Fast-medium bowler - White Goodman (Dodgeball: A True Underdog Story)
Ben Stiller's hilarious character in Dodgeball will provide a contrast in styles to the other, taller seamers. He is a slinger, he can be overly aggressive, at times mean, and doesn't mind using the ball as a weapon to target batsmen with. He could be troublesome at times, and isn't the ideal team player but he can take the game to opposing batsmen. Given his obsession with personal fitness, he could be asked to bowl long spells in arduous conditions. His experience in providing personal training might be an advantage for the rest of the side. His batting performances could swing from the brilliant to the embarrassing.

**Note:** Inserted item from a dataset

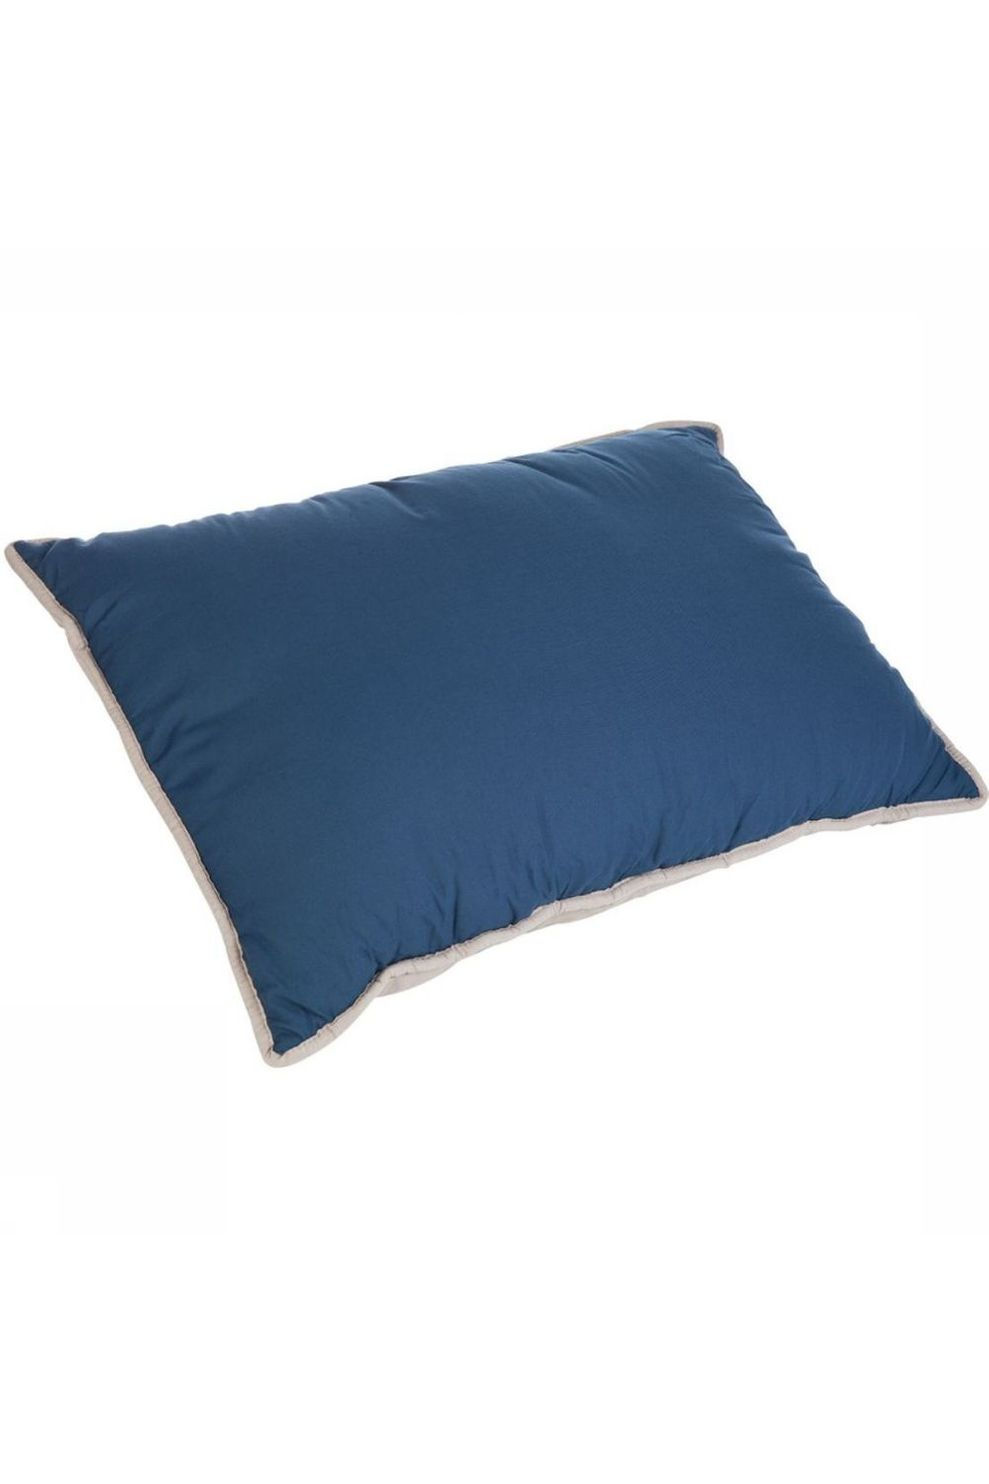 Nomad Kussen Camping Pillow - Blauw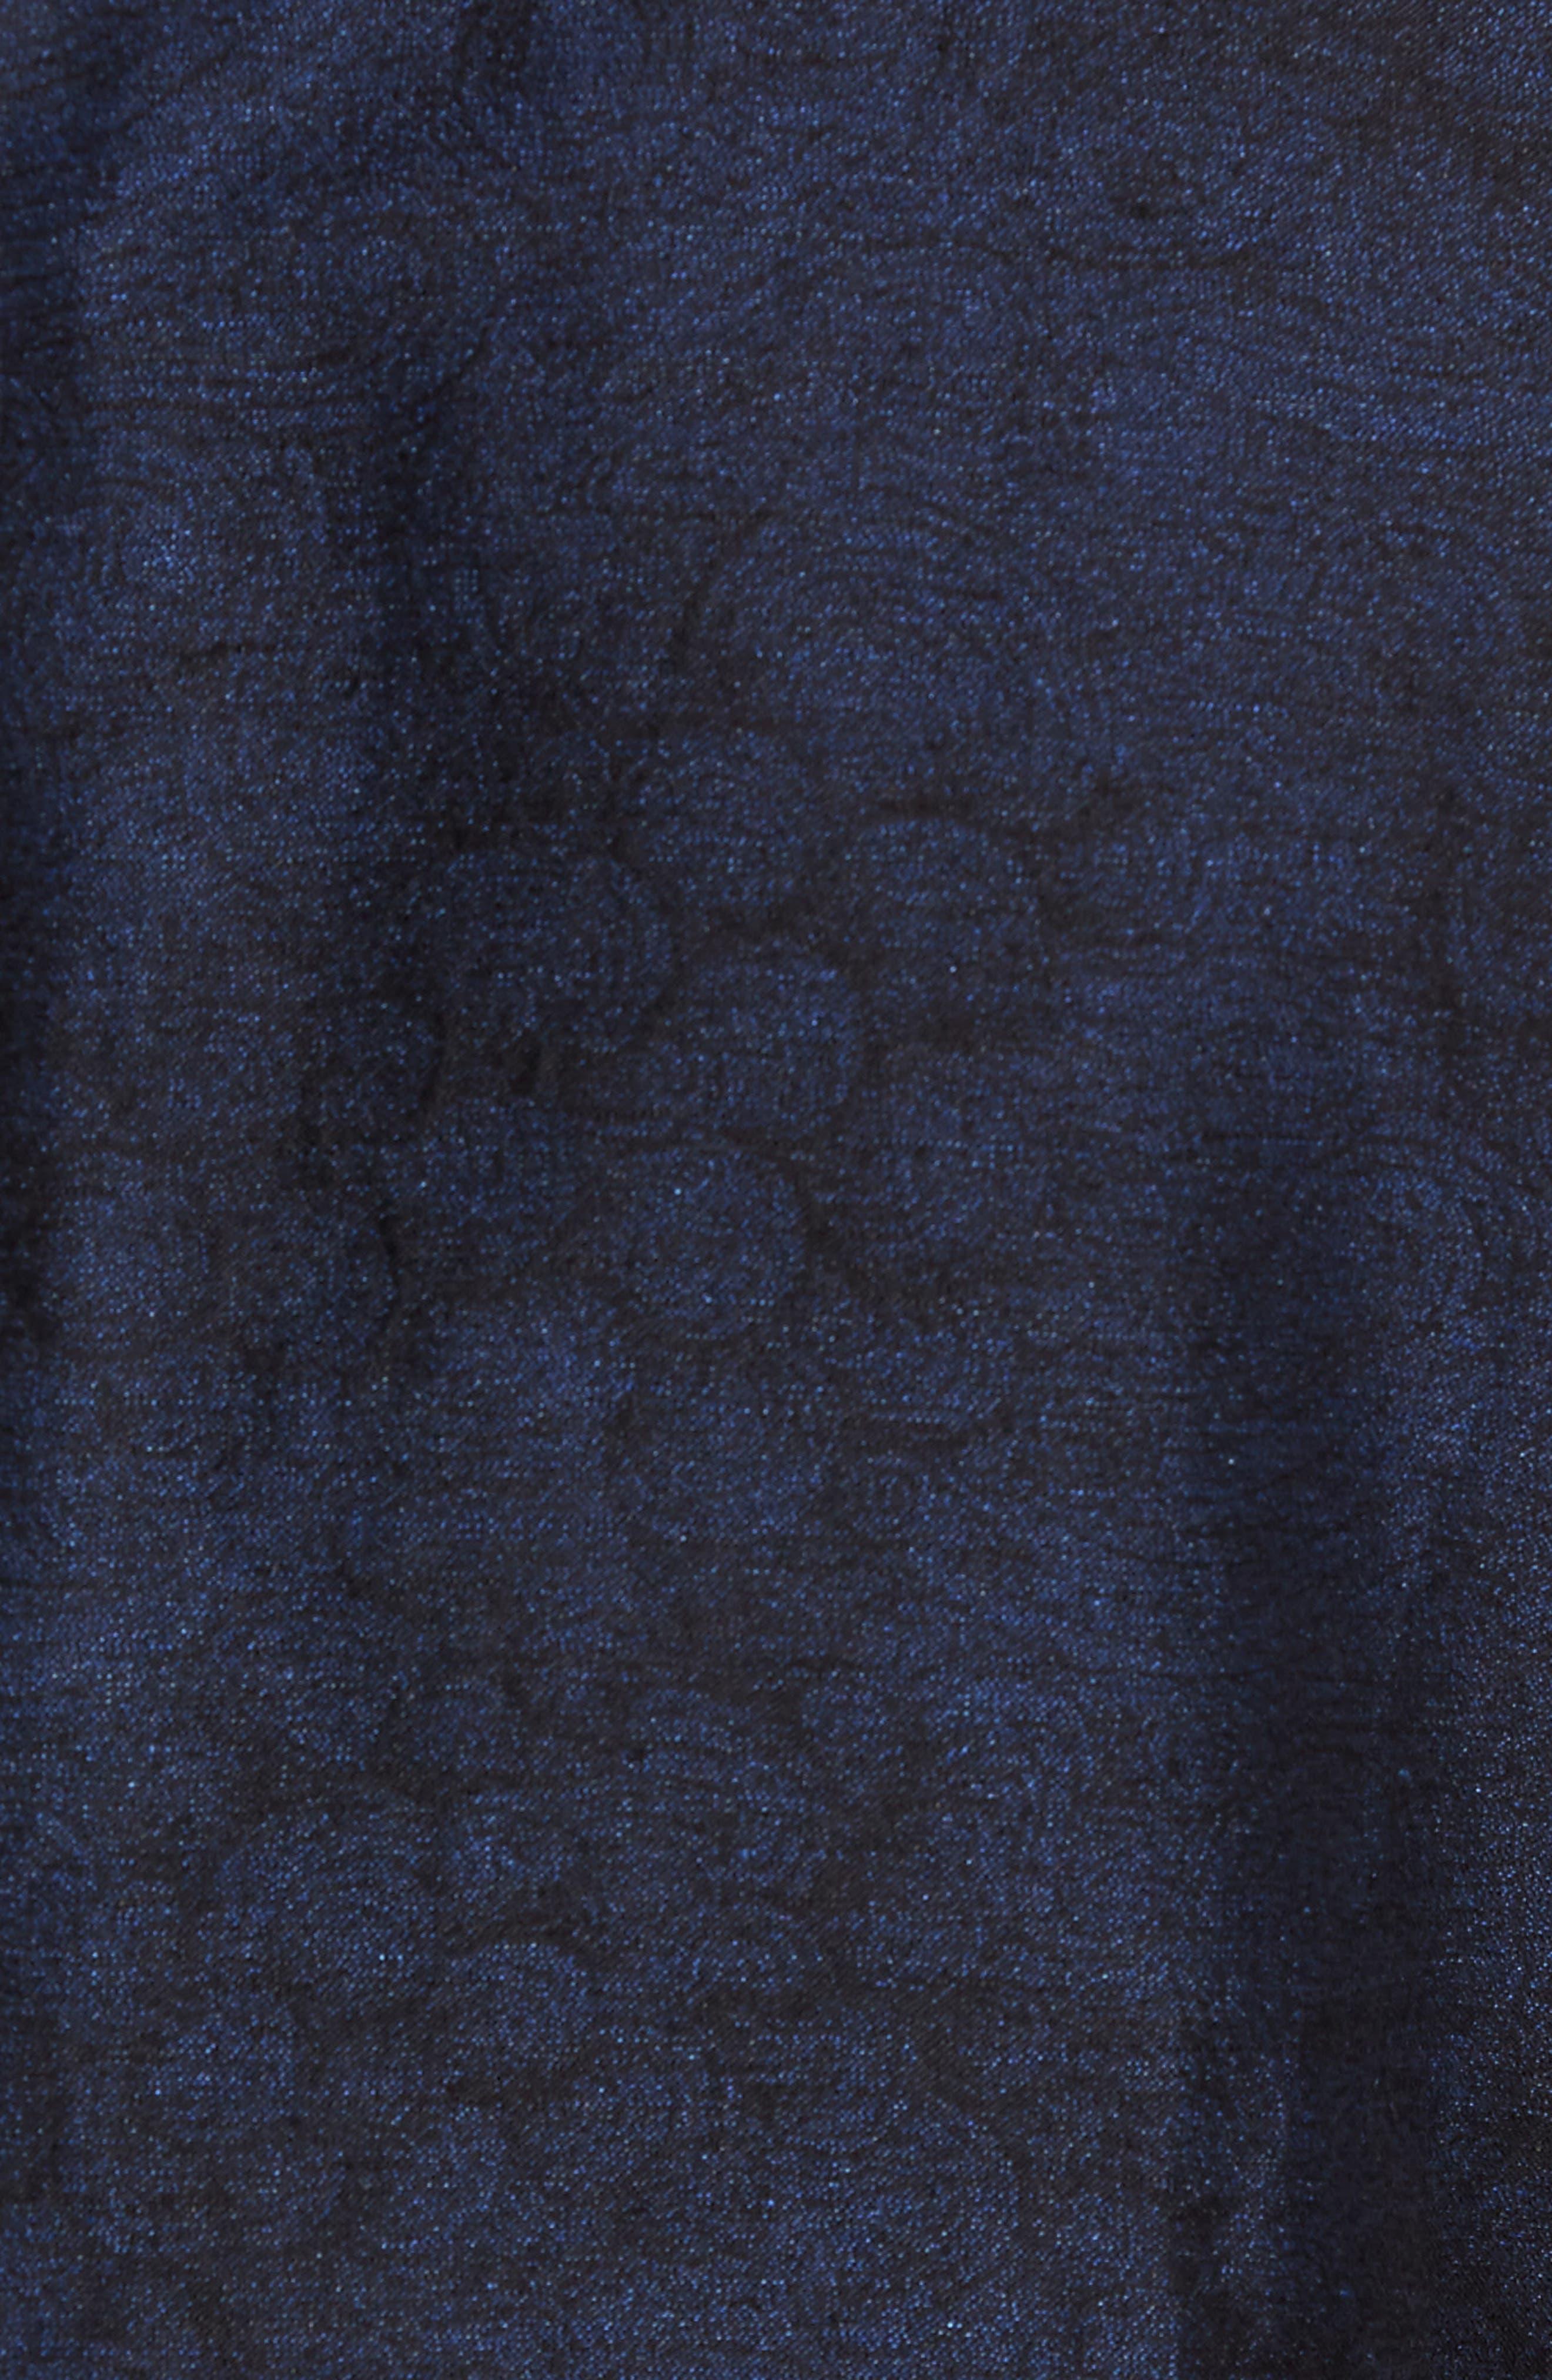 Slim Fit Patterned Linen Blend Sport Coat,                             Alternate thumbnail 6, color,                             401

Fast-medium bowler - Borat
Given that Borat hails from an environment that is close to subcontinental, he will be crucial when the side tours Asia. Once he has an idea in his head, nothing can stop him and when we apply his tunnel vision to taking wickets, his determination will be crucial in difficult conditions. He is easily distracted, which could be a problem, and the language barrier might be difficult at first but Borat's superb sense of humour will help the team's spirits during long days in the field. He will assume the role of team cheerleader - doubly crucial when you consider how serious and staid the rest of the team is.
Fast bowler - Woody (Toy Story)
His height will help him generate serious pace. With the length of his arms and long strides approaching the crease, he is the natural speedster. Gangling yet nimble, Woody has a similar physicality to Bob Willis or in modern terms, Morne Morkel. He is likely likely to be less injury-prone that these two given the supple nature of his limbs and how light he is on his feet. A thinking man's bowler, he can bowl to plans and lead the attack. And Borat will need some serious leading.
Twelfth man - Storm (X-Men)
Weather plays a massive part in cricket. It is important that the side draws on all its strengths, and the ability to control the weather is a massive one. Storm would be the twelfth man because her actual cricket abilities are negligible - apart from the fact that she wears white, she doesn't have much to speak of in terms of on-field strengths. However when our seamers need a little nip through the air or our top order desires a bit of sunshine on their backs, Storm would deliver. To be honest, it might be difficult to get the ICC's blessing for someone who can control the environment at will but, after all the wet weather that dogged the Champions Trophy, I think every side would welcome the chance to keep the rain away.